Abstract:
To avoid adverse events in humans, toxicity studies in nonclinical species have been the foundation of safety evaluation in the pharmaceutical industry. However, it is recognized that working with animals in research is a privilege, and conscientious use should always respect the 3Rs: replacement, reduction, and refinement. In the wake of the shortages in routine nonrodent species and considering that nonanimal methods are not yet sufficiently mature, the value of the rabbit as a nonrodent species is worth exploring.
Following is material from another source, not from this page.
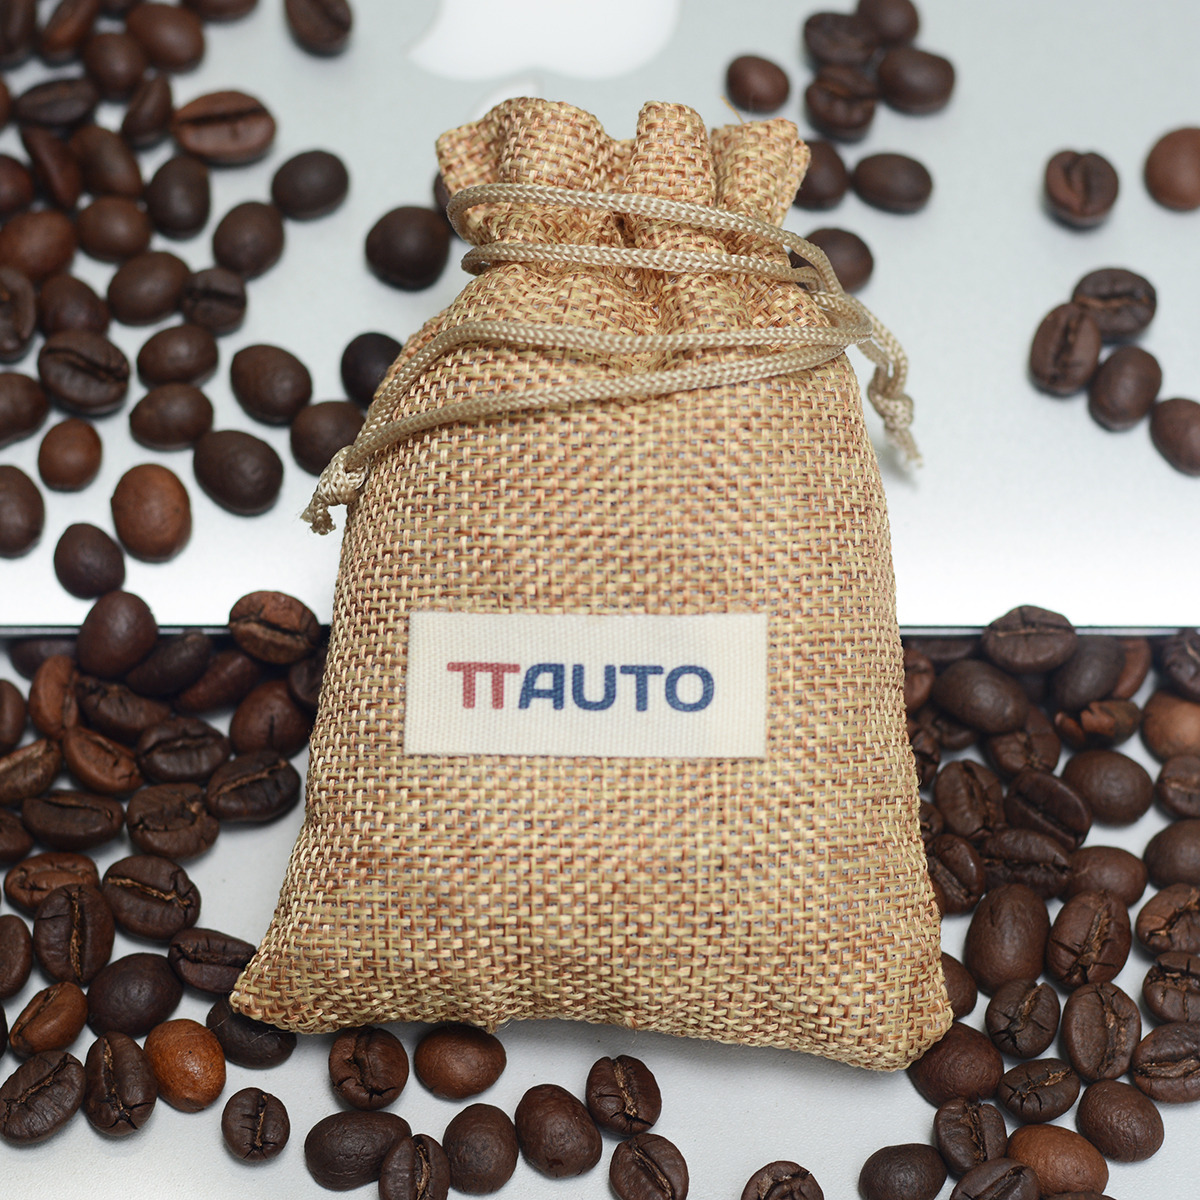 Túi thơm cà phê TTAUTO 100% hạt nguyên chất khử mùi trên ô tô, tủ đồ, văn phòng

Historically used in vaccine, cosmetic, and medical device testing, the rabbit is seldom used today as a second species in pharmaceutical development, except for embryo-fetal development studies, ophthalmic therapeutics, some medical devices and implants, and vaccines. Although several factors affect the decision of species selection, including pharmacological relevance, pharmacokinetics, and ADME considerations, there are no perfect animal models. In this forum article, we bring together experts from veterinary medicine, industry, contract research organizations, and government to explore the pros and cons, residual concerns, and data gaps regarding the use of the rabbit for general toxicity testing.
摘要:
为了避免人类的不良事件,非临床物种的毒性研究一直是制药行业安全性评估的基础。然而,人们认识到,在研究中与动物合作是一种特权,认真使用应始终尊重3R:替换,reduction,和细化。在常规非啮齿动物物种短缺之后,考虑到非动物方法还不够成熟,兔作为一种非啮齿动物的价值值得探讨。历史上用于疫苗,化妆品,和医疗器械测试,今天,兔子很少被用作药物开发中的第二物种,除了胚胎-胎儿发育研究,眼科治疗学,一些医疗设备和植入物,和疫苗。虽然有几个因素会影响物种选择的决定,包括药理学相关性,药代动力学和ADME注意事项,没有完美的动物模型。在这篇论坛文章中,我们汇集了兽医学专家,工业,合同研究组织,和政府来探索利弊,残余关切,以及关于使用兔子进行一般毒性测试的数据空白。